** EXERCISE INSTRUCTIONS **
Taking the data below, please print only the lines from the line holding "Stop & Sweat" to the line holding "Barkha Bisht HD Pics", inclusive, with pictures omitted.

** DATA RECORDS follows **

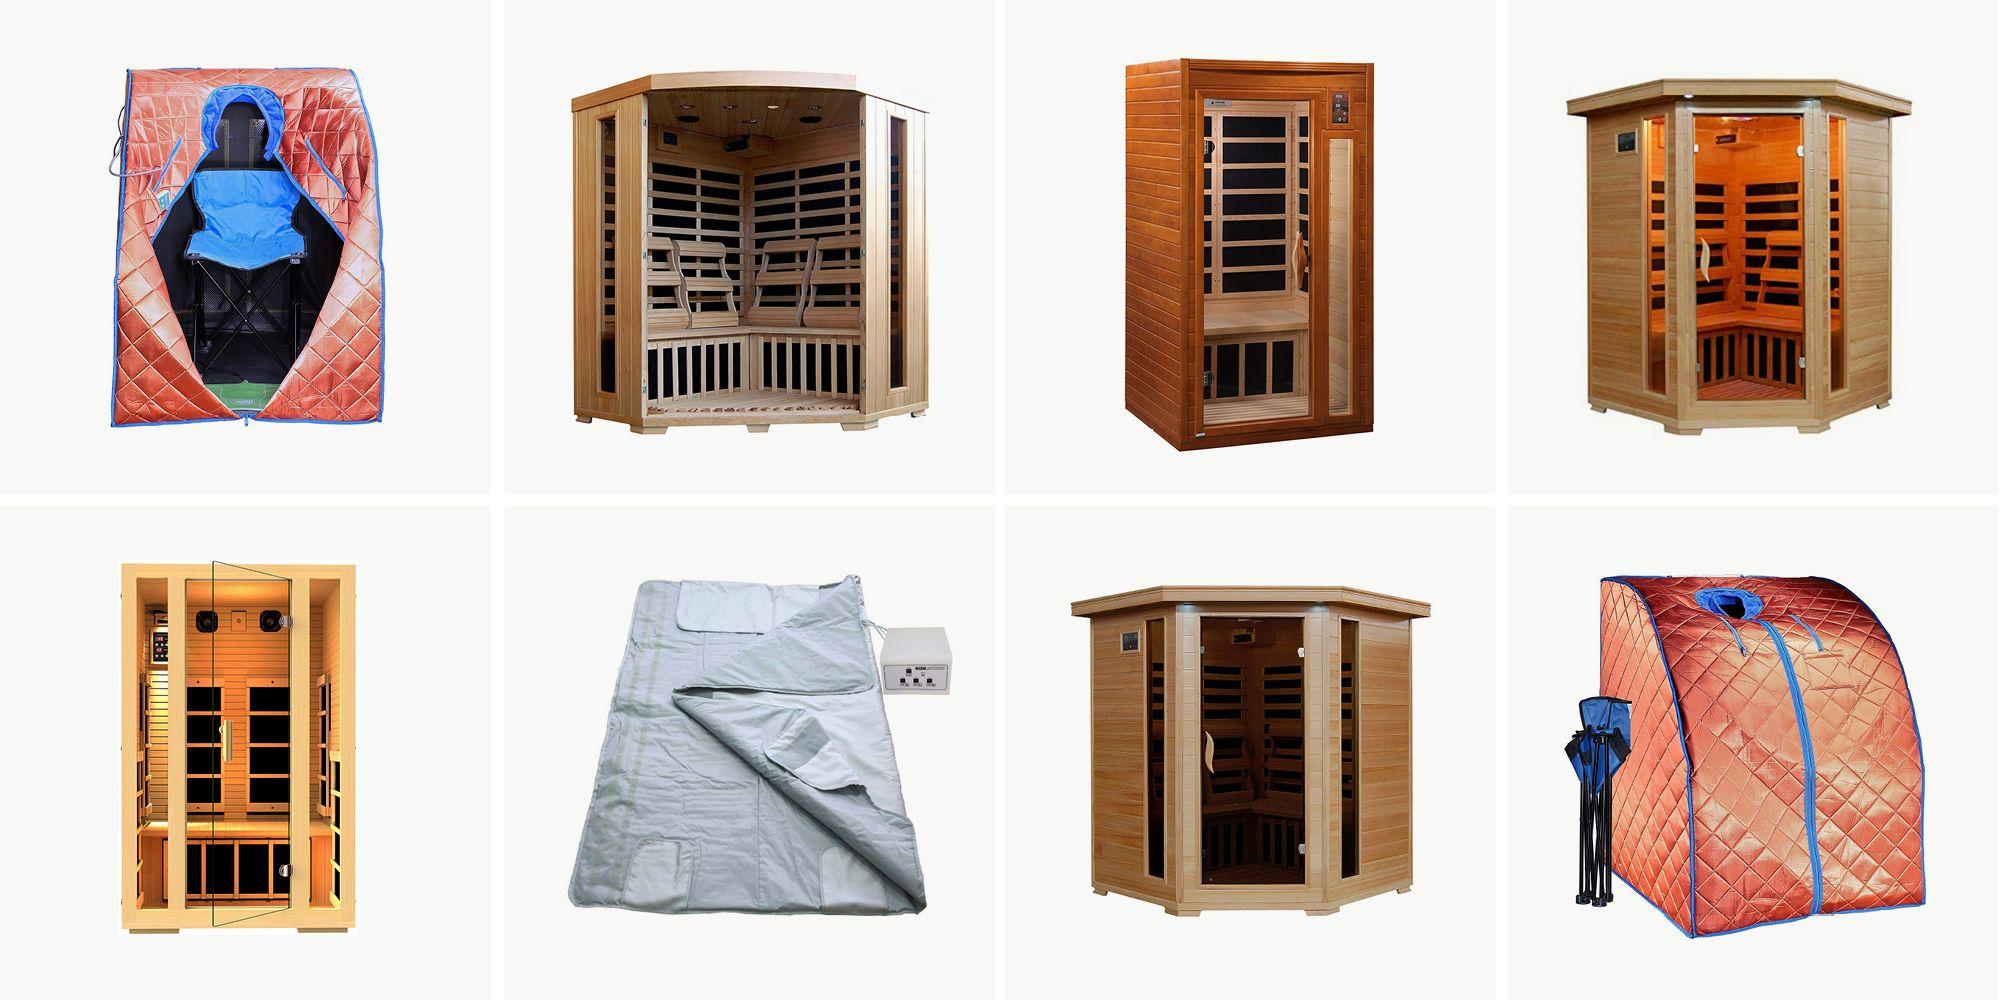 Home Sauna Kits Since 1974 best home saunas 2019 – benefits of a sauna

** End of DATA RECORDS **
** DATA RECORDS follows **

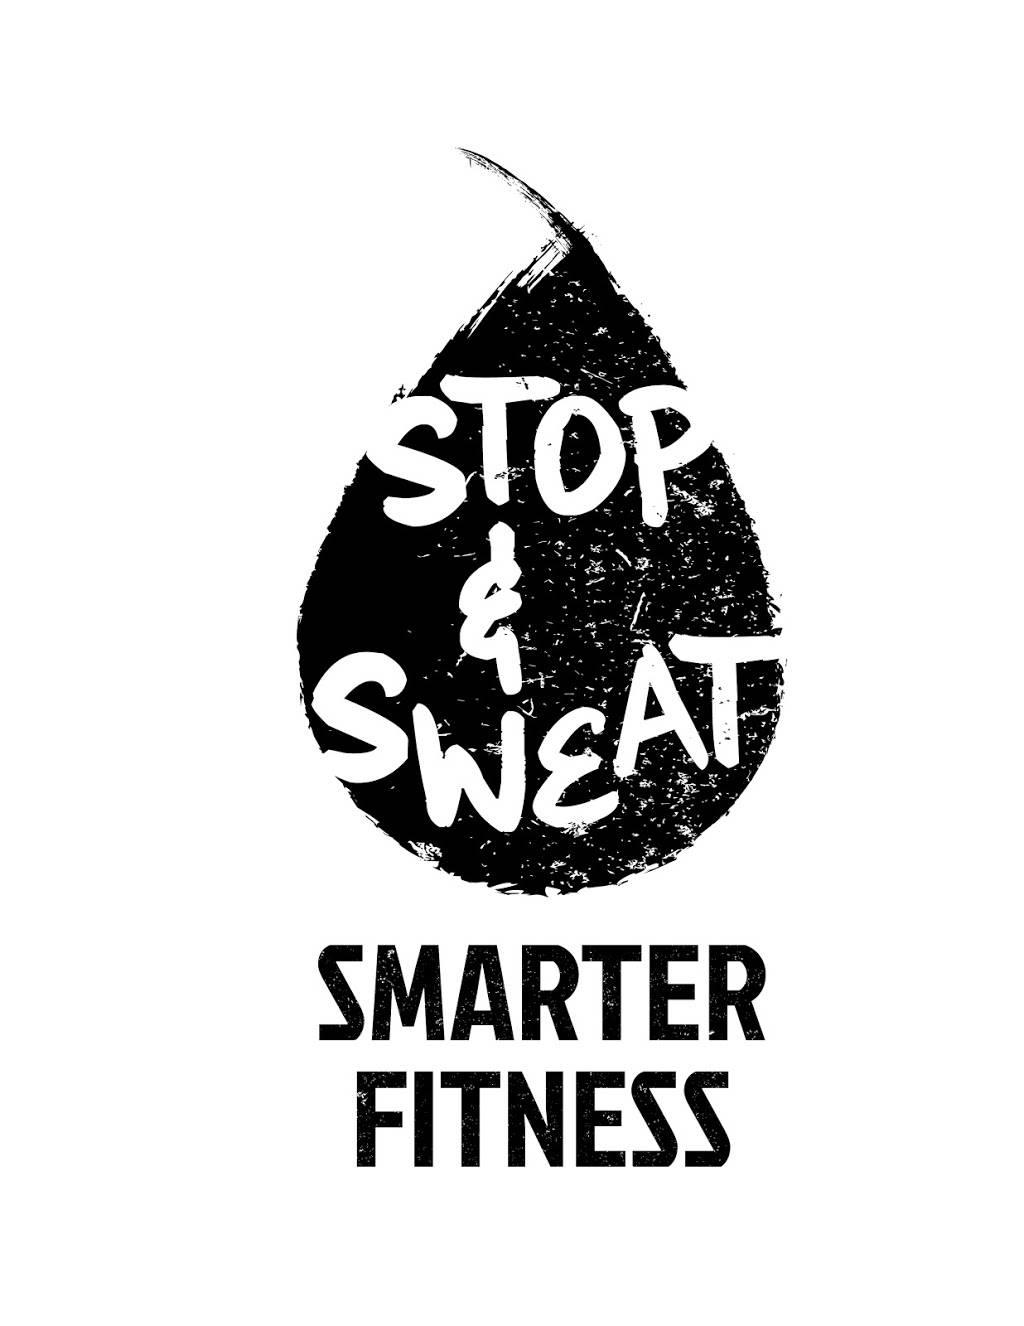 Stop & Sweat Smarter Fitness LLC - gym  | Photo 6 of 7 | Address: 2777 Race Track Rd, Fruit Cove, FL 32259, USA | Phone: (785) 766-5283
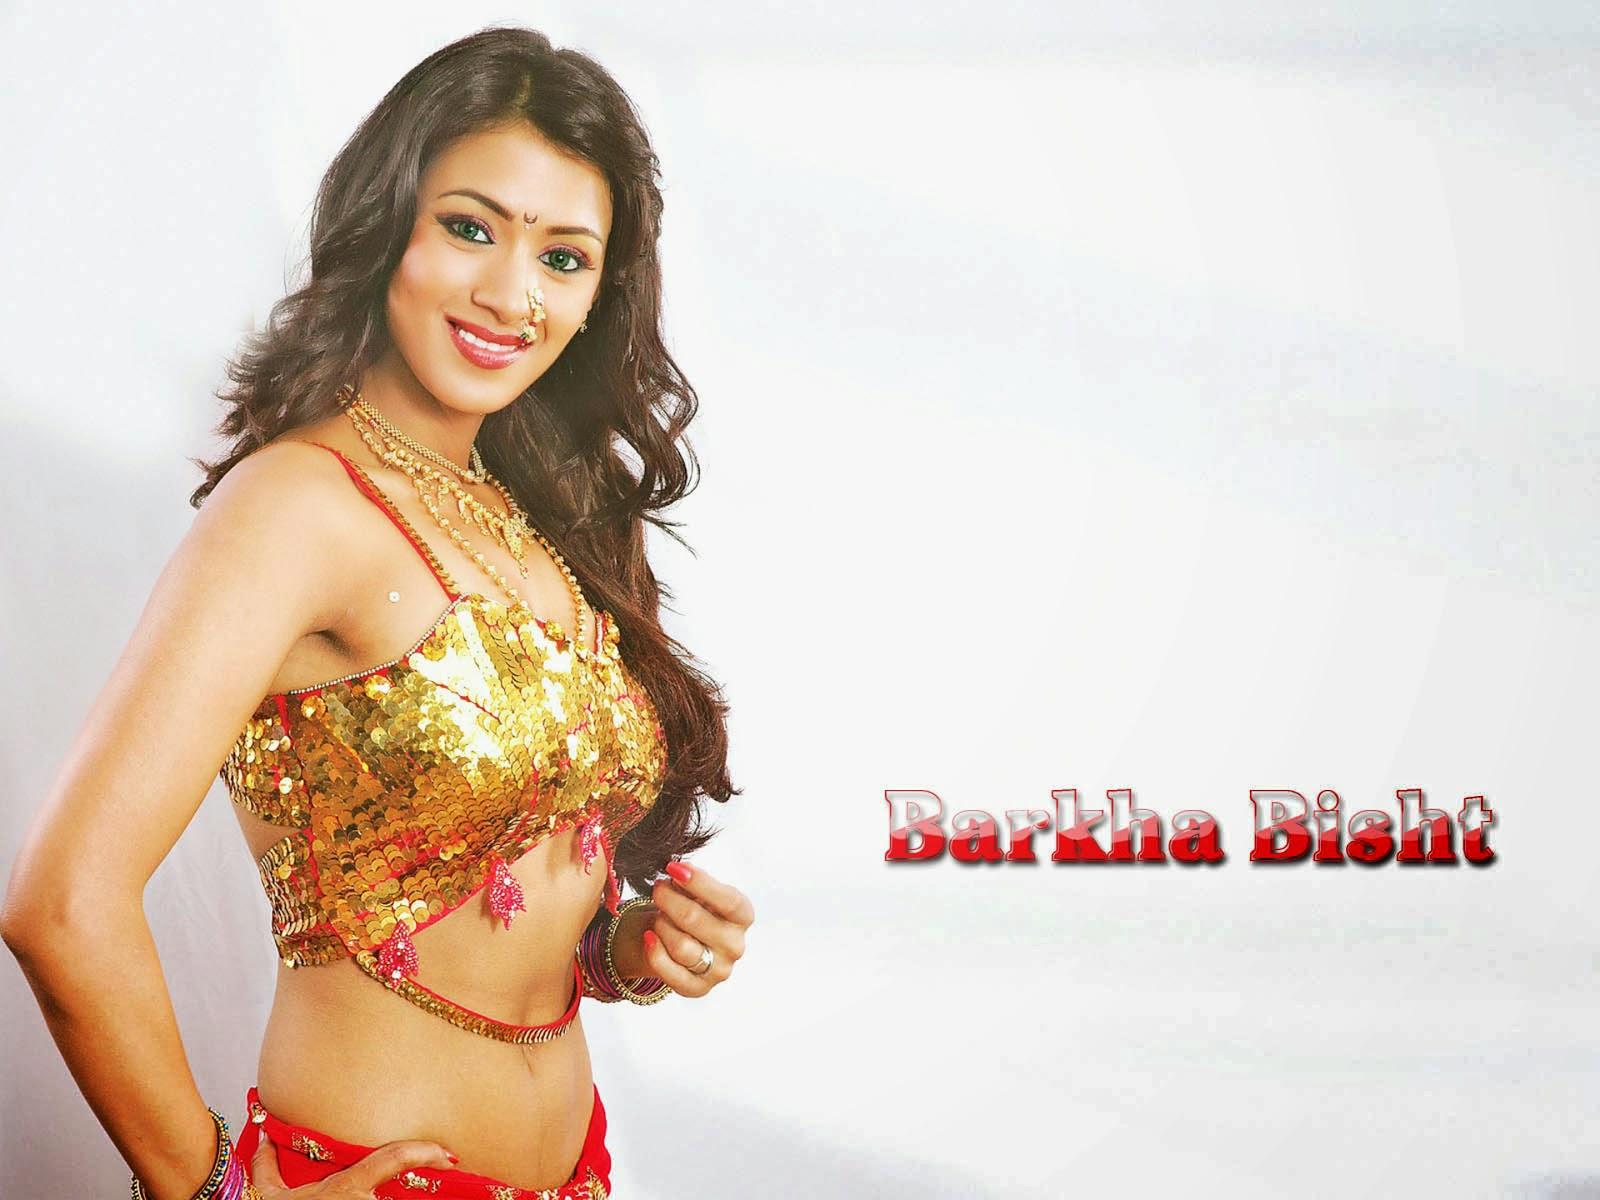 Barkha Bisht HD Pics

** End of DATA RECORDS **

** SOLUTION TO THIS PROBLEM **
 Stop & Sweat Smarter Fitness LLC - gym  | Photo 6 of 7 | Address: 2777 Race Track Rd, Fruit Cove, FL 32259, USA | Phone: (785) 766-5283
 Barkha Bisht HD Pics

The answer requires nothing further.